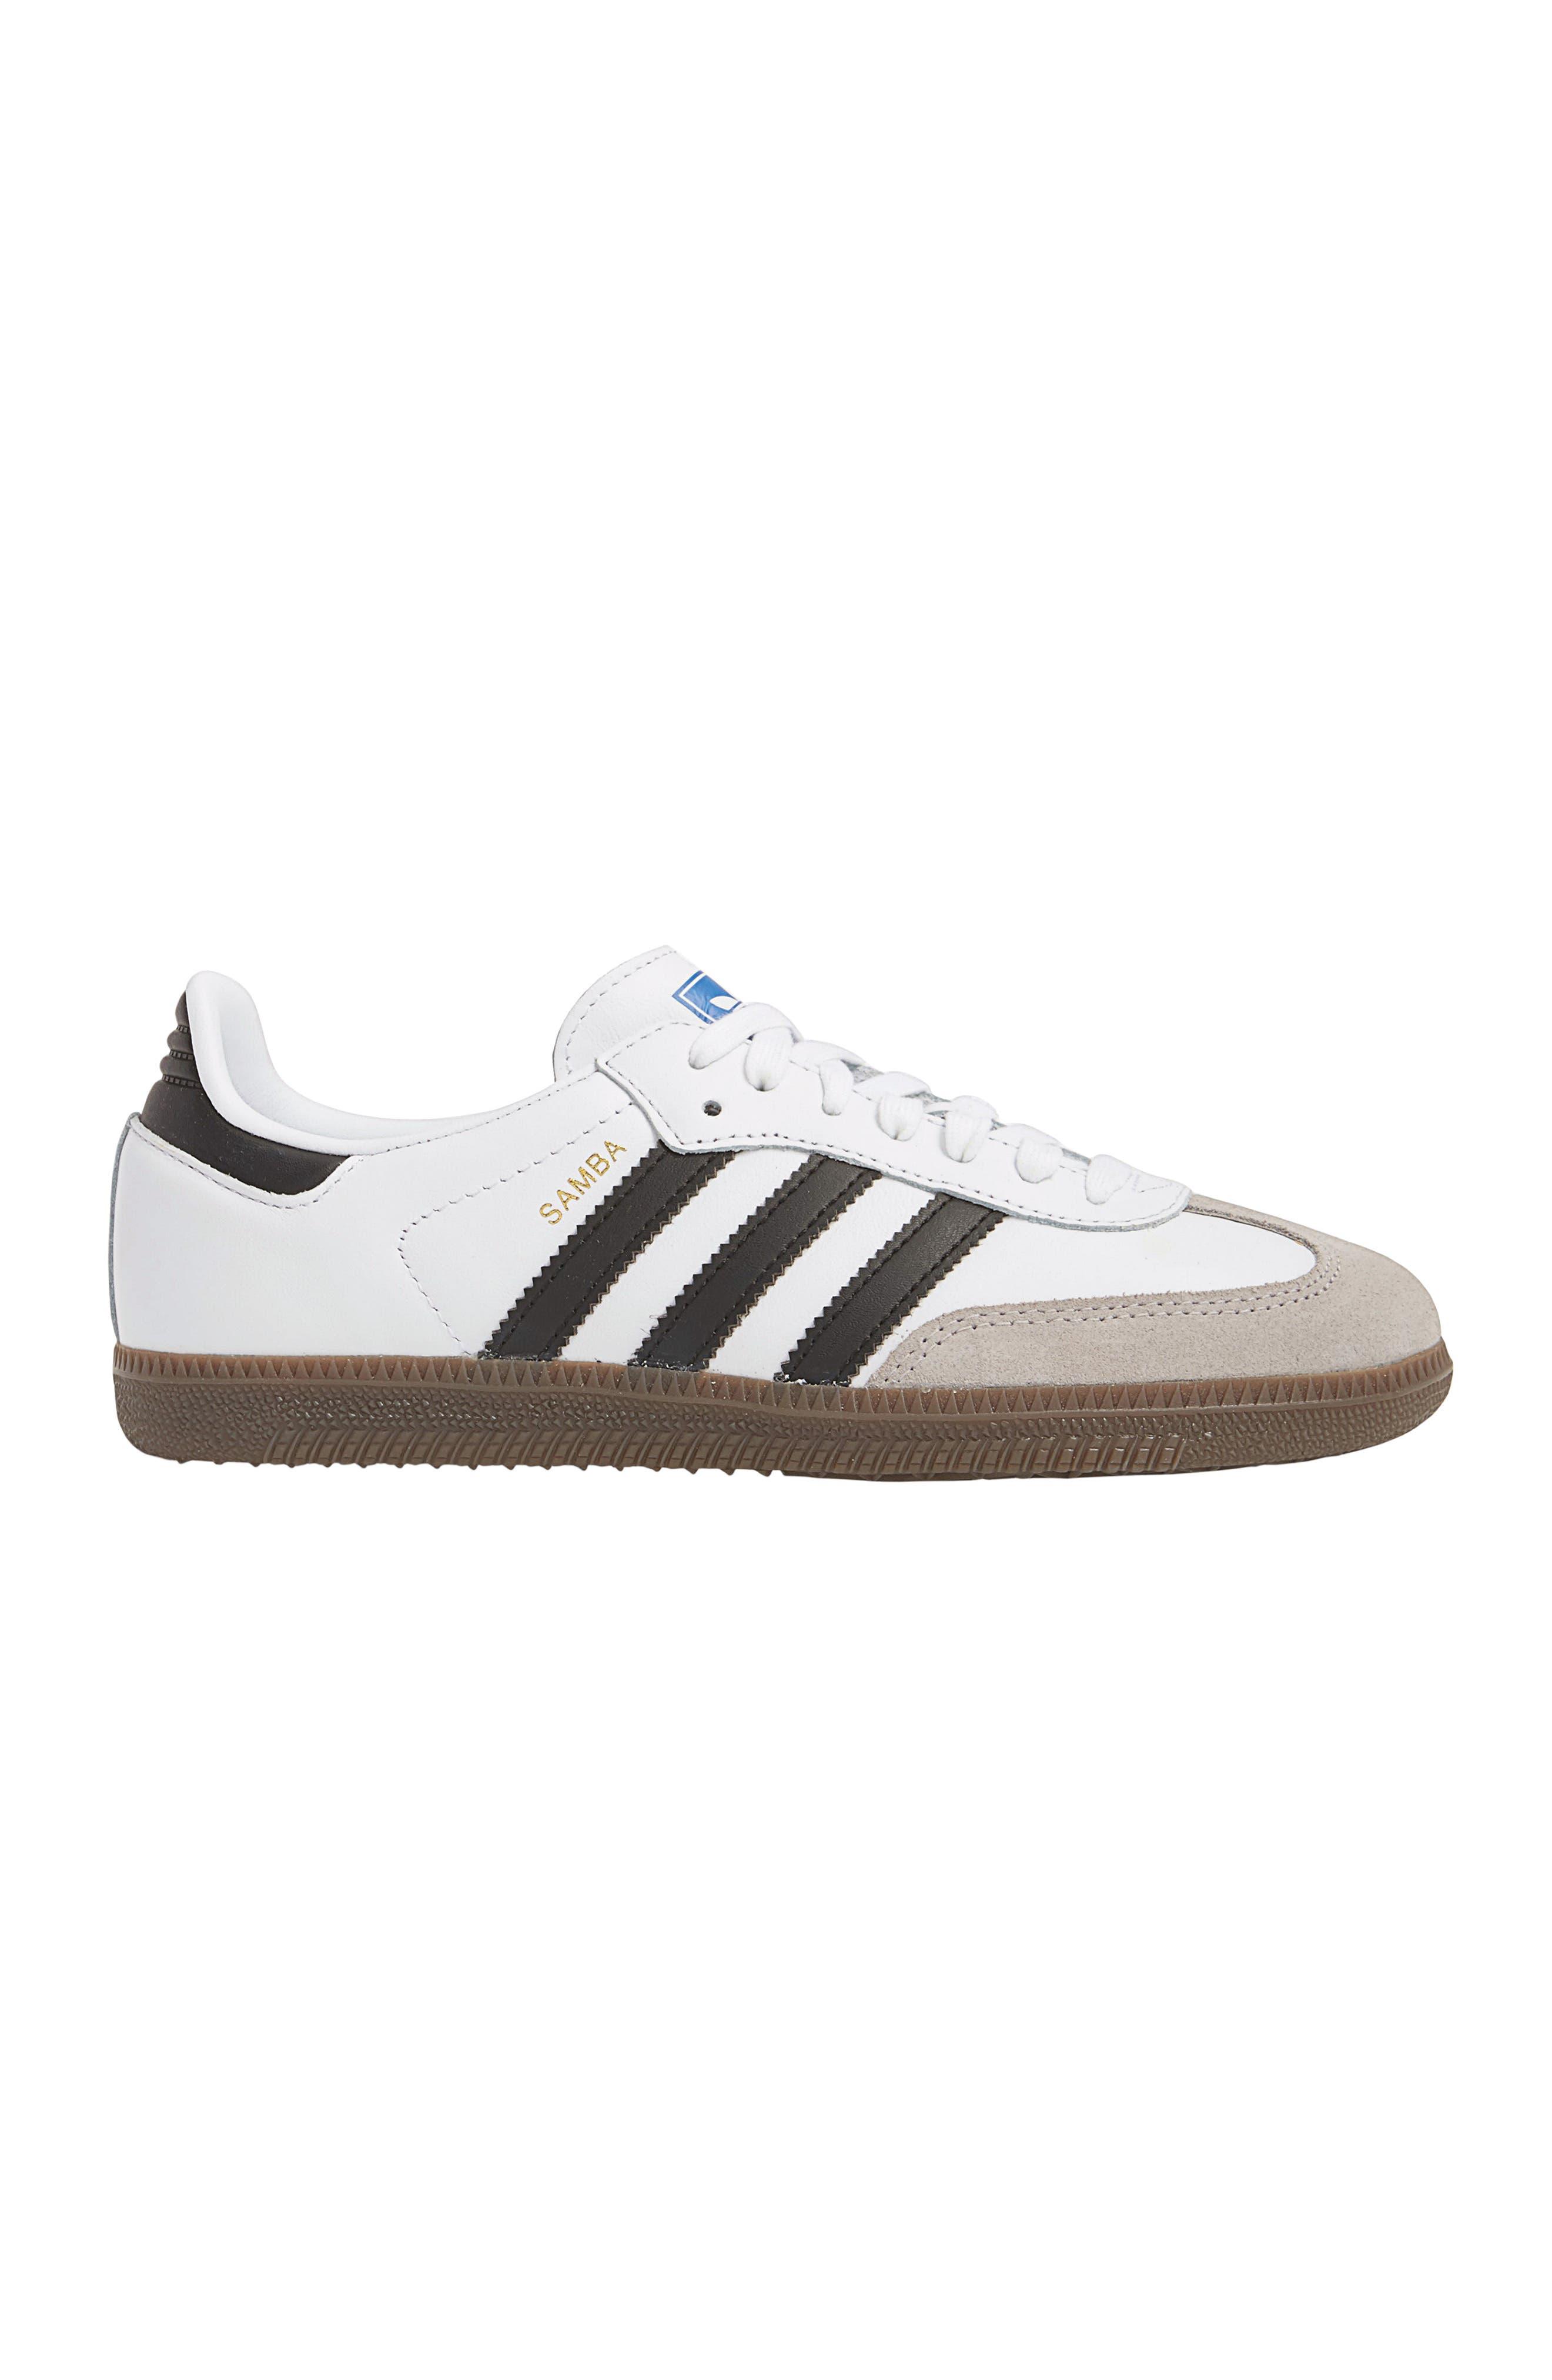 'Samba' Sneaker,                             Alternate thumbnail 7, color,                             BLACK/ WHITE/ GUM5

--

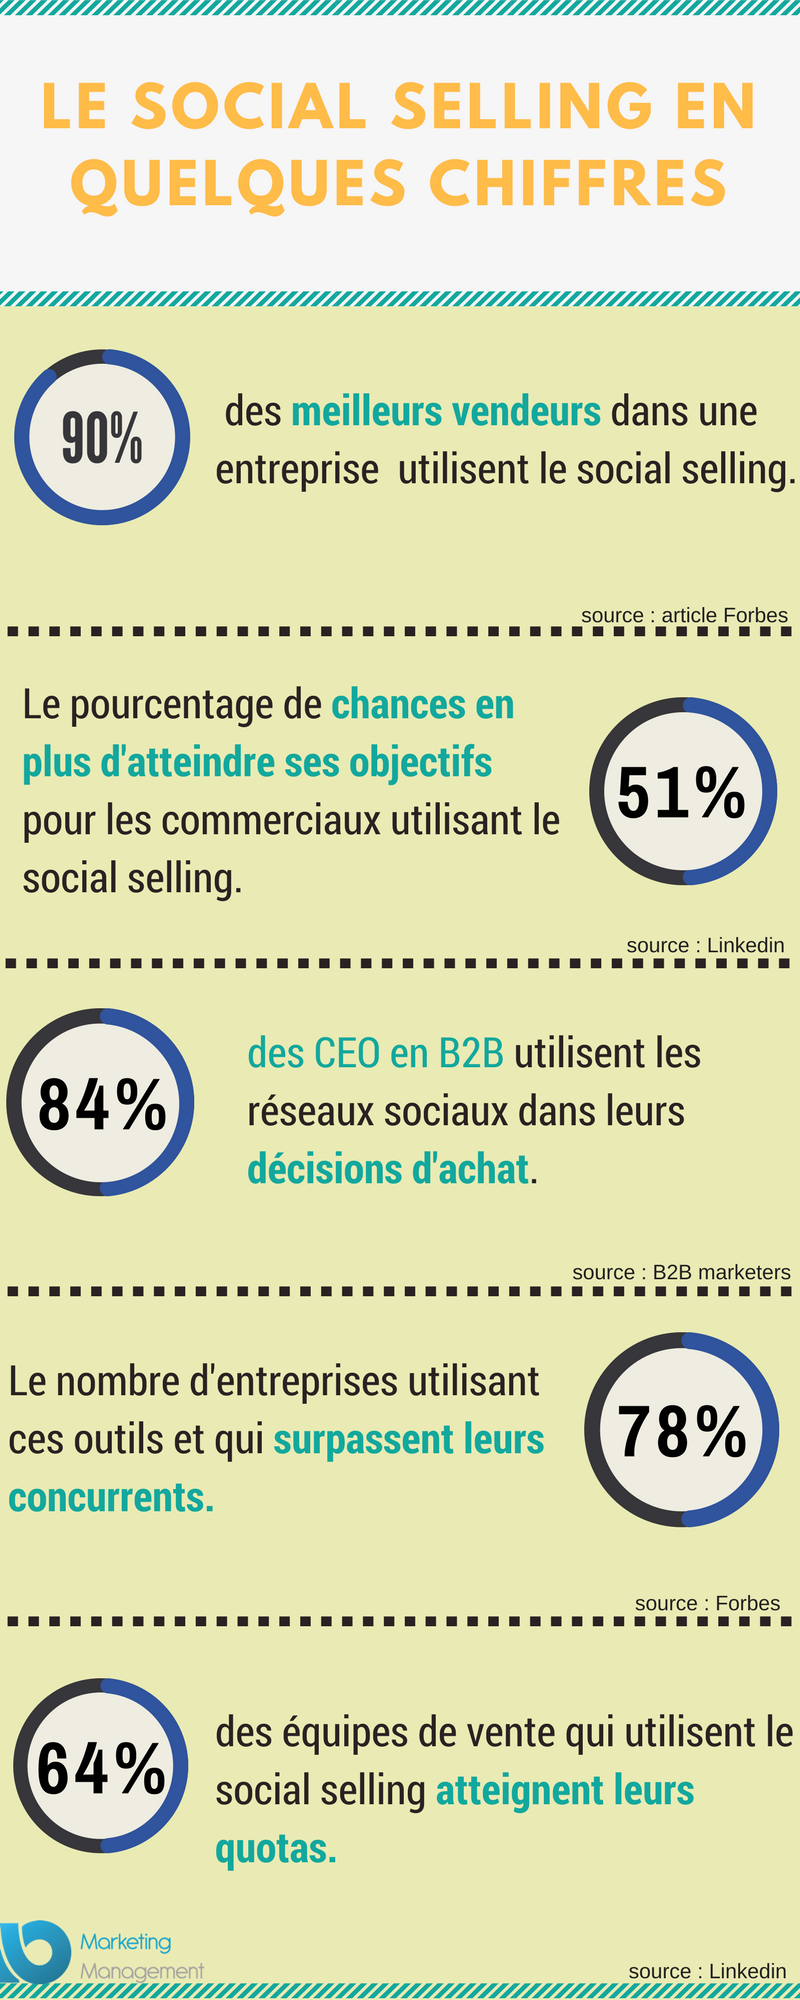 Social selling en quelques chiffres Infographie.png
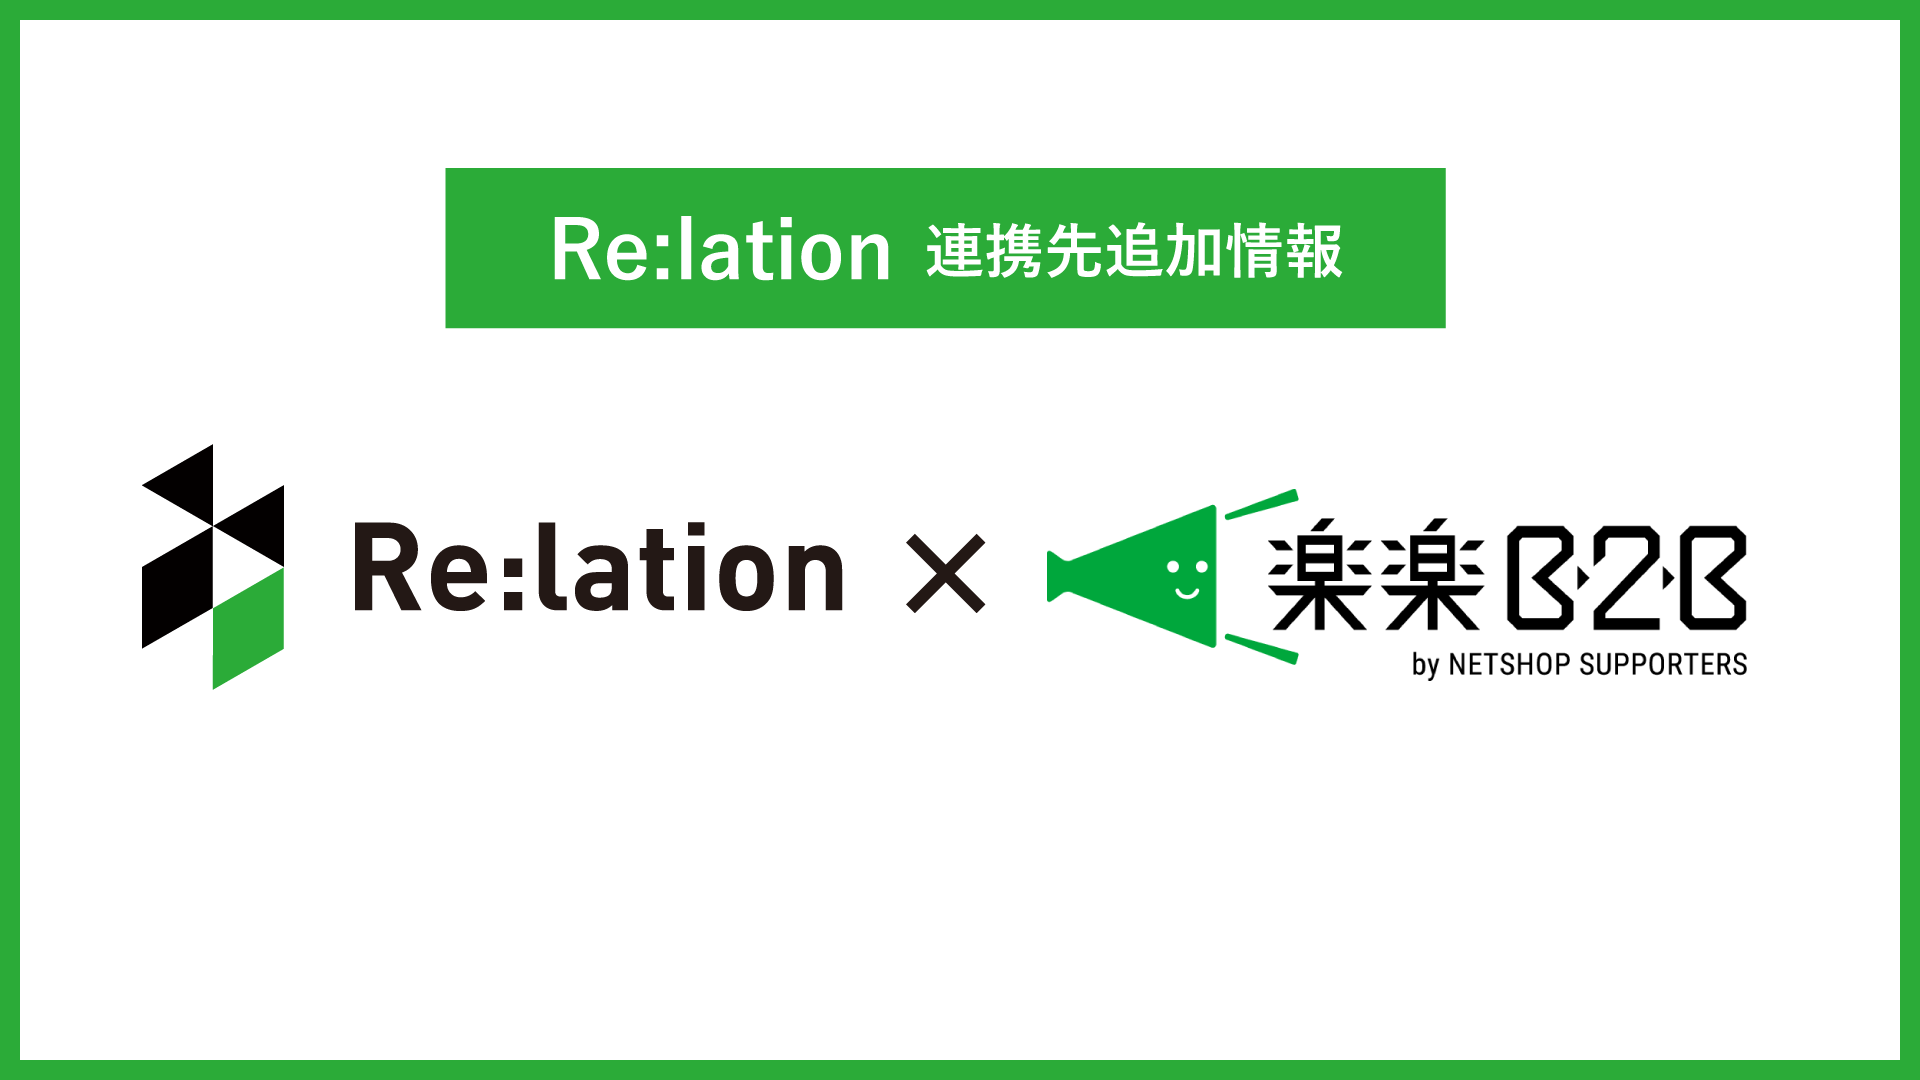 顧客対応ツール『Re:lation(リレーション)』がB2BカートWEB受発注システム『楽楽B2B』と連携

Work instructions = Looking above, find the stretch of lines that opens with the one holding "Social selling en" and closes with the one holding "顧客対応ツール『Re:lat". Copy it exactly, pictures excluded.

Solution for this problem =
 Social selling en quelques chiffres Infographie.png
 顧客対応ツール『Re:lation(リレーション)』がB2BカートWEB受発注システム『楽楽B2B』と連携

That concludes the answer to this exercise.